The once-predominant “Clovis first” theory long held that glaciers prevented significant settling of the Western Hemisphere until around 14,000 years ago. In recent decades, archaeological sites like the Buttermilk Creek complex in Texas, which has evidence of human inhabitants dating back 15,000 years, and Monte Verde in Chile, dated as early as 18,500 years ago, have challenged that hypothesis. There is growing acceptance of the theory that during the Ice Age, people began settling along a coastal entry route.

But support for a Pre-Clovis human presence received a setback last month, when new testing called into question the dating of fossilized footprints at New Mexico’s White Sands National Park to 22,800 to 21,130 years ago—making them the oldest evidence of human occupation of North America. It now appears the seeds used to date the markings may have ingested ancient carbon from the waters of Lake Otero, leading to inaccurate, artificially ancient dating.
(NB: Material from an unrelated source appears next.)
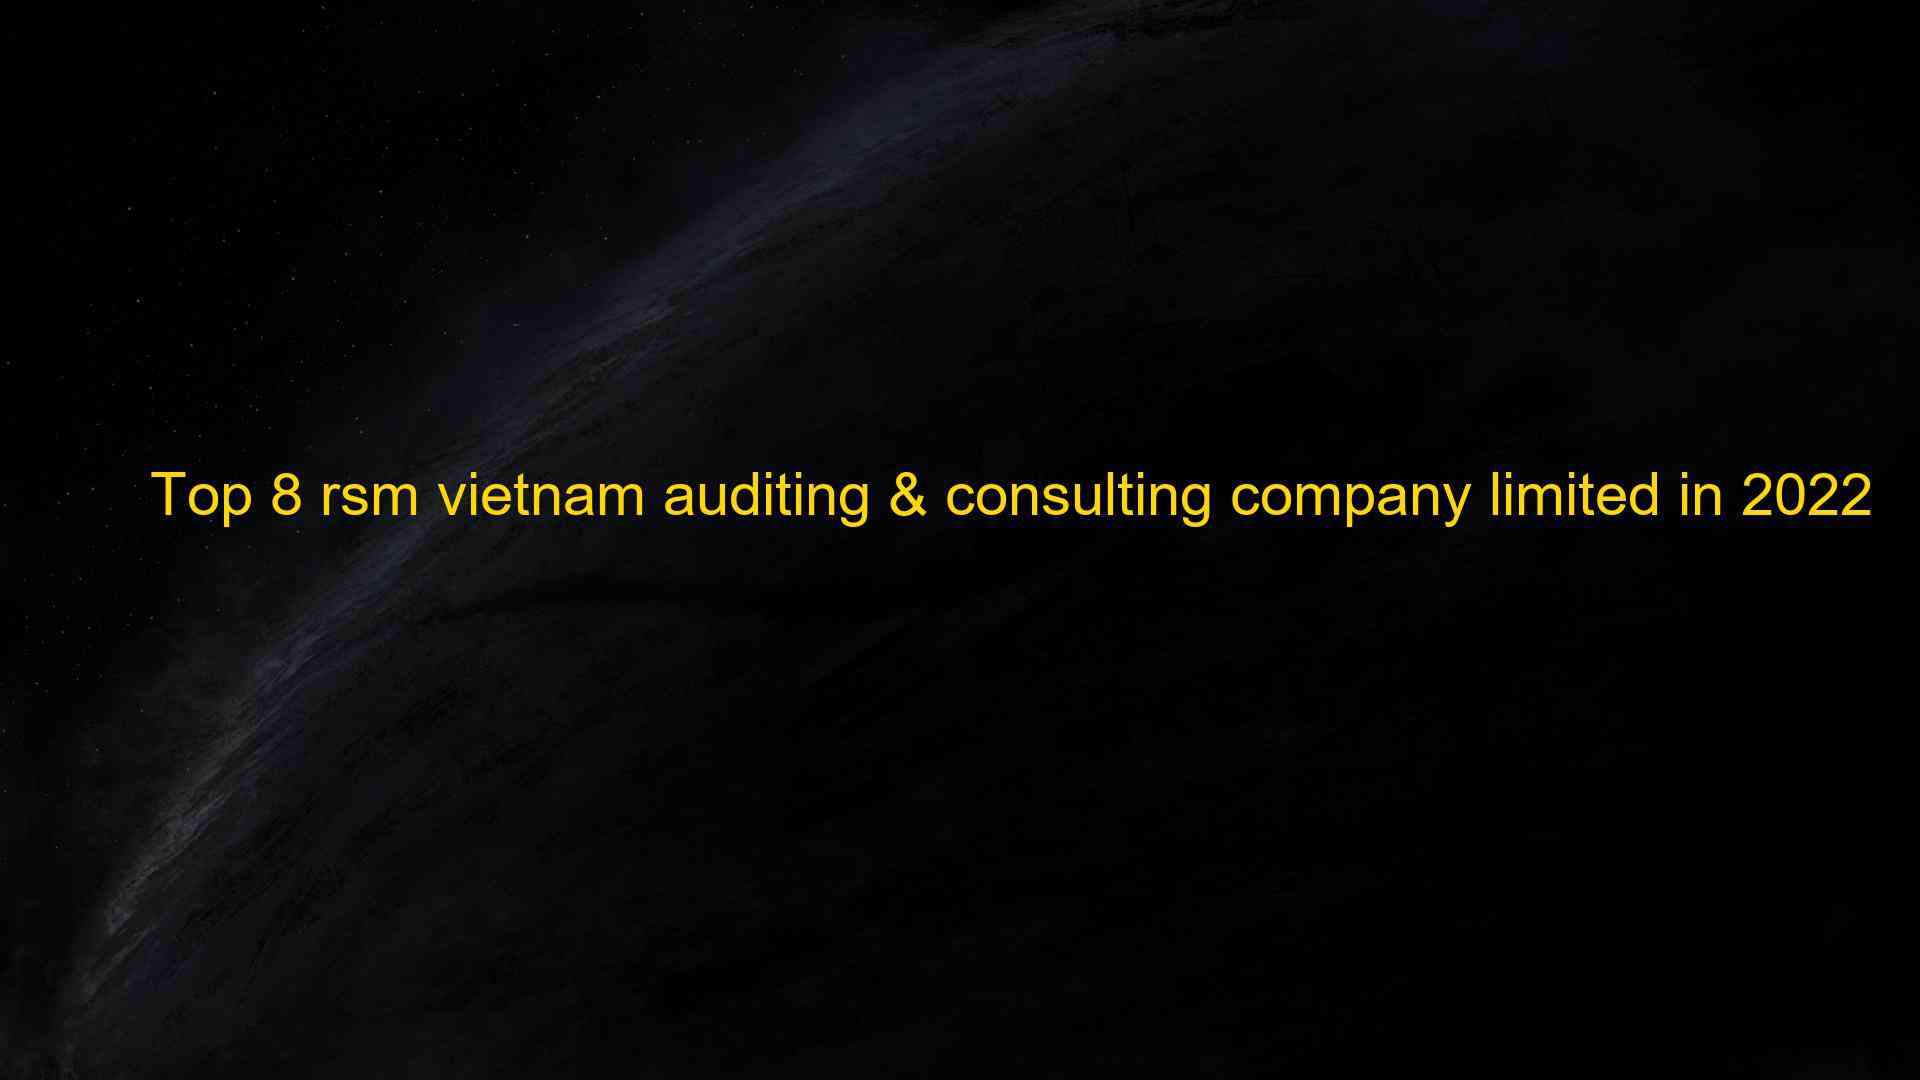 Top 8 rsm vietnam auditing consulting company limited in 2022 1660018659
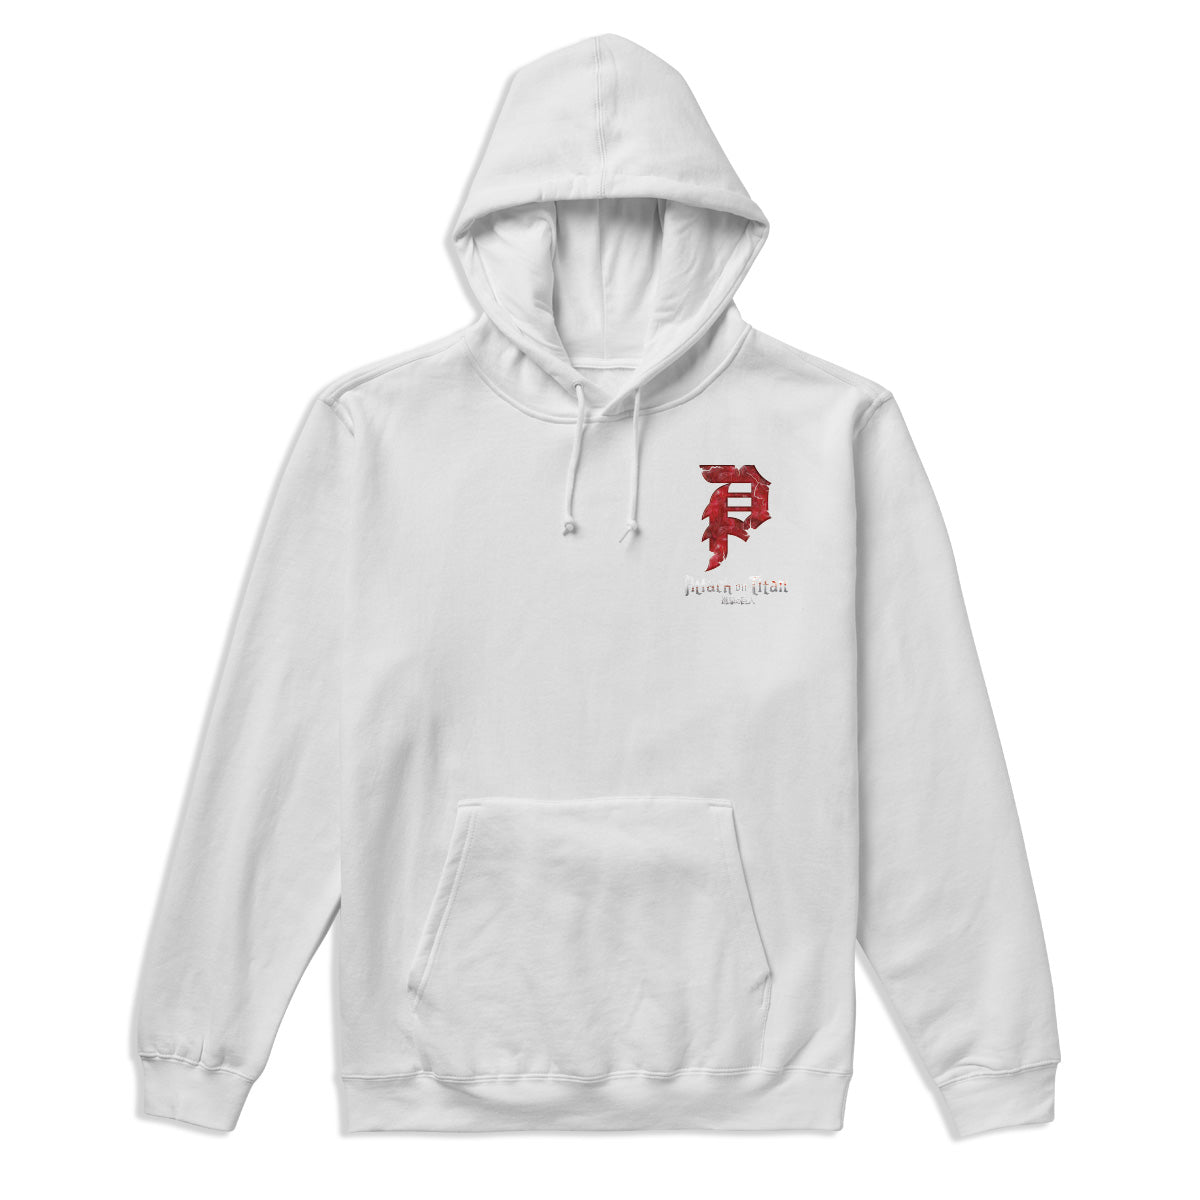 Primitive x Titans Armored Dirty P Hoodie - White image 2

Now, Brazil’s capuchin monkeys may have landed another blow against the Pre-Clovis faction.

“Our work reinforces the idea that the human settlement of this part of the American continent is more recent and is in line with the studies that determine its arrival some 13,000 or 14,000 years before the present,” Agustín Agnolín, of Argentina’s National Institute of Anthropology and Latin American Thought, added. “This questions the hypotheses that proposed an excessively old settlement of South America.”